White now has all of her pieces aimed at the Black Kingside! Black’s pieces aren’t well coordinated but do defend everything. Stockfish gives 30… d4 31. Bxe7 Nxe7 32. cxd4 Bc6+ as equal.

Bc8 31. Rg7 Rg8 32. Rhh7 Rxg7 33. Rxg7

Sicilian Defense, Alapin's variation, after 33. Rxg7.

Sicilian Defense, Alapin’s variation, after 33. Rxg7.

Stockfish gives White a clear advantage here. Black’s only chance is to get White’s c pawn off the board and then to queen the d pawn. White has a kingside majority of pawns so stopping connected passed pawns later on will be a challenge!

b5 34. h4 a5 35. h5 gxh5 36. gxh5 Nf5 37. Rh7 b4 38. cxb4 axb4 39. h6!

Sicilian Defense, Alapin's variation, after 39. h6!

Sicilian Defense, Alapin’s variation, after 39. h6!

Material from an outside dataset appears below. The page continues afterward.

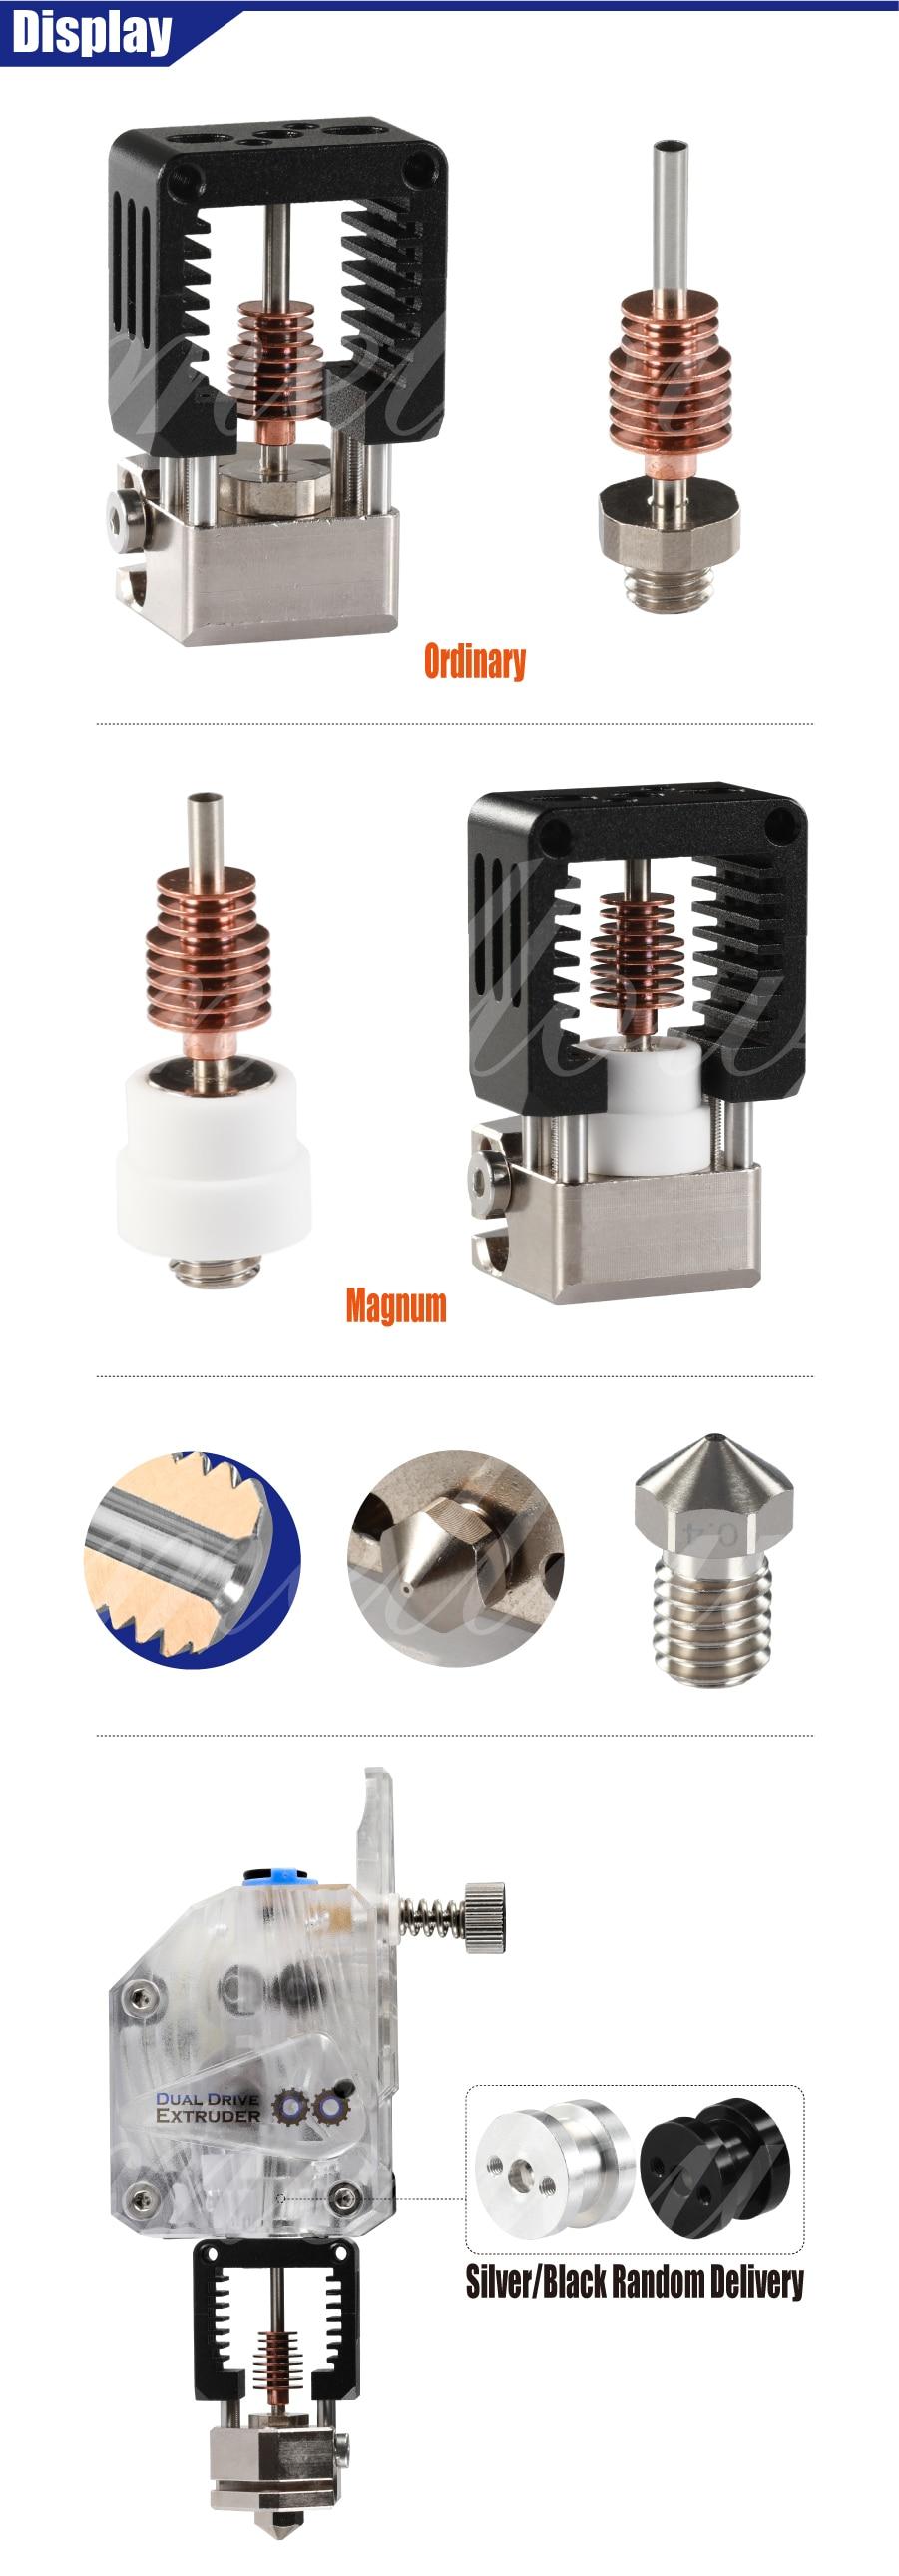 Новейший мягкий металлический NF-Crazy Hotend V6 медный сопло для Ender 3 CR10 Prusa I3 MK3S экструдер экструдер для 3д принтера

Once again I failed to consider a sacrifice by my opponent! Stockfish thinks that 39… Nxh6 40. Rxh6 Ba6 is better for Black but White is still winning. Nathalie cleared the first time control (40 moves in two hours) with about a minute to spare. With an hour to play out the remainder of the game I resigned when I realized that I couldn’t stop her from queening her pawn.

Nce7?? 40. Rxe7+!! Nxe7 41. Bxe7 1-0

Sicilian Defense, Alapin's variation, after 41. Bxe7 (final position).

Sicilian Defense, Alapin’s variation, after 41. Bxe7 (final position).

I can’t stop White from queening the h pawn but I could have played it out some more with 41… Kxe7 42. h7 Ba6 43. h8=Q Bc4 44. Qf6+ Kd7 45. Qf7+ Kd8 46. Qxe6 Bxa2 47. Qd6+ Ke8 48. e6 d4 49. Qd7+ Kf8 50. Qf7#.